Une position que partage Ottavio Galella, ingénieur expert en circulation, en transport et en planification chez Consultants TRAFIX. " Tous les modes de transport alternatifs doivent être considérés, a-t-il soutenu. Déjà, le Québec fait piètre figure en matière de covoiturage ; aucune politique sérieuse n'est en place, on ne l'envisage toujours pas comme option pouvant être privilégiée. Pourtant, un pourcentage important de travailleurs fait déjà du covoiturage, mais aucun privilège n'a été envisagé pour eux.

«En fait, le Québec est très en retard en matière de solutions de transport, a ajouté l'expert. On a aujourd'hui un bon réseau de voies cyclables, mais ça a pris des décennies pour qu'il voie le jour, on a été très lents à instaurer des voies réservées pour les autobus et on envisage encore les nouvelles autoroutes comme on le faisait il y a 40 ans. Pas étonnant que la moto ne soit pas considérée. »

D'abord pour les loisirs

Malgré sa popularité croissante, la moto reste très peu utilisée par les navetteurs québécois. Pour en favoriser la pénétration, André Belisle évoque par exemple l'idée de réduire les frais d'immatriculation des motos les moins gourmandes. Ottavio Galella soutient de son côté qu'il faudrait, par exemple, réfléchir à l'idée d'ouvrir aux vélos et aux motos certaines voies réservées aux autobus, notamment en les rendant légèrement plus larges. À Londres, où la pratique est permise depuis janvier 2012, le taux d'accidents dans les voies réservées s'est avéré équivalent à celui enregistré ailleurs dans le réseau routier de la capitale britannique. Mais son application chez nous a déjà été exclue par le ministère des Transports du Québec.
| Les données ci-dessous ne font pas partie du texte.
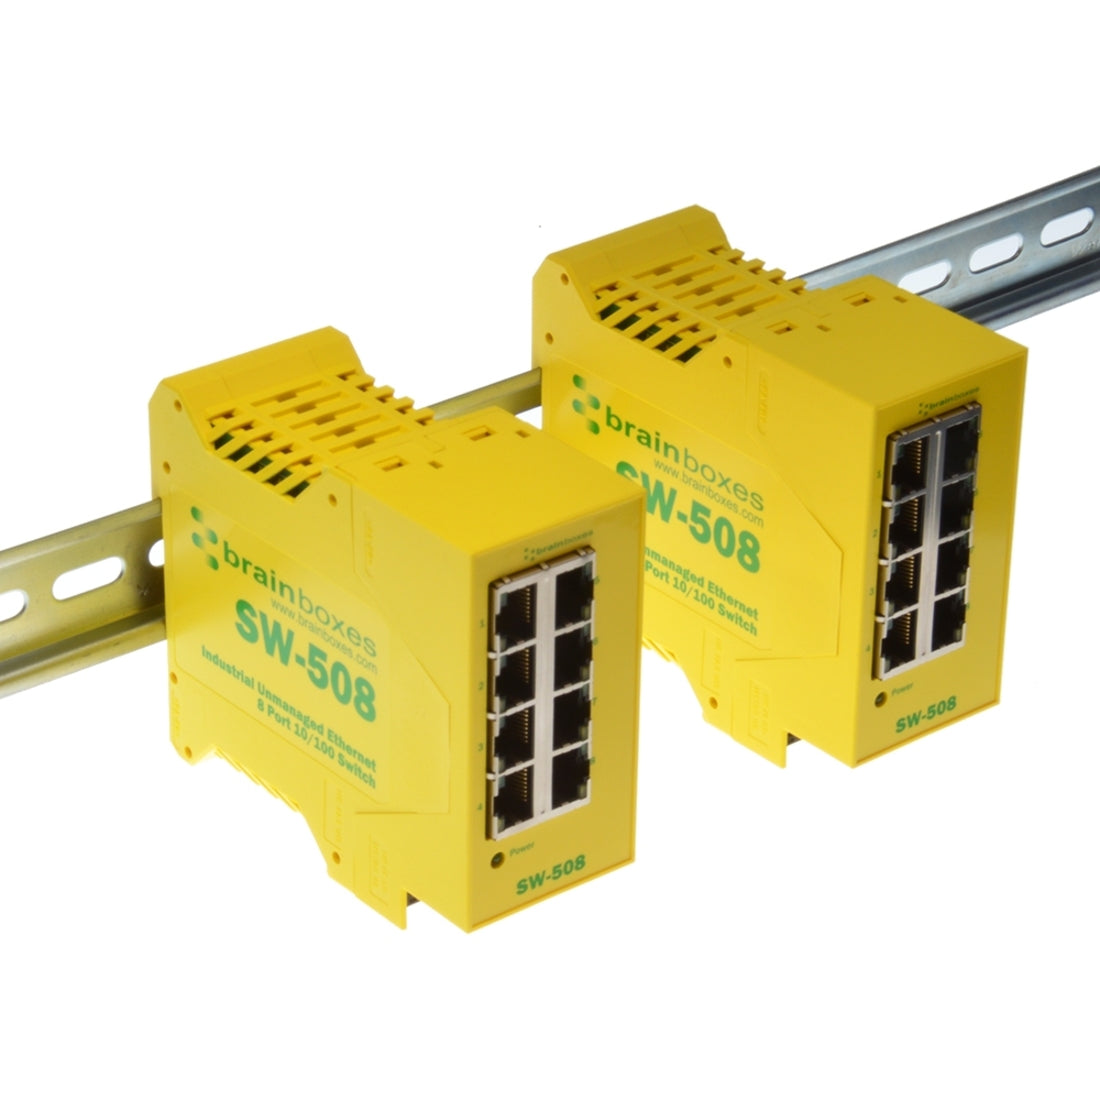 Brainboxes SW-508 Industrial Ethernet 8 Port Switch DIN Rail Mountable, Galvanic Isolation, Lifetime Warranty

M. Galella soutient qu'il faudrait avant toute chose faire une analyse précise de l'utilisation de la moto. " En Europe, la moto est un mode de transport de tous les jours pour un pourcentage élevé de gens, on l'utilise bien davantage que pour les loisirs, a-t-il illustré. Chez nous, il faudrait s'y intéresser davantage, savoir pourquoi, dans la saison propice, on s'abstient de l'utiliser au travail. Il faudrait que les statistiques concernant la moto soient diffusées et interprétées pour connaître les raisons derrière sa non-utilisation. On pourrait en venir à encourager ce mode de transport, notamment en ville. »

Et ainsi joindre l'utile à l'agréable. " Ce n'est pas parce que je suis écolo que je suis condamné à vivre une vie plate ! s'exclame André Belisle. Y a-t-il quelque chose de plus beau que de rouler en moto par un bel après-midi d'été ? »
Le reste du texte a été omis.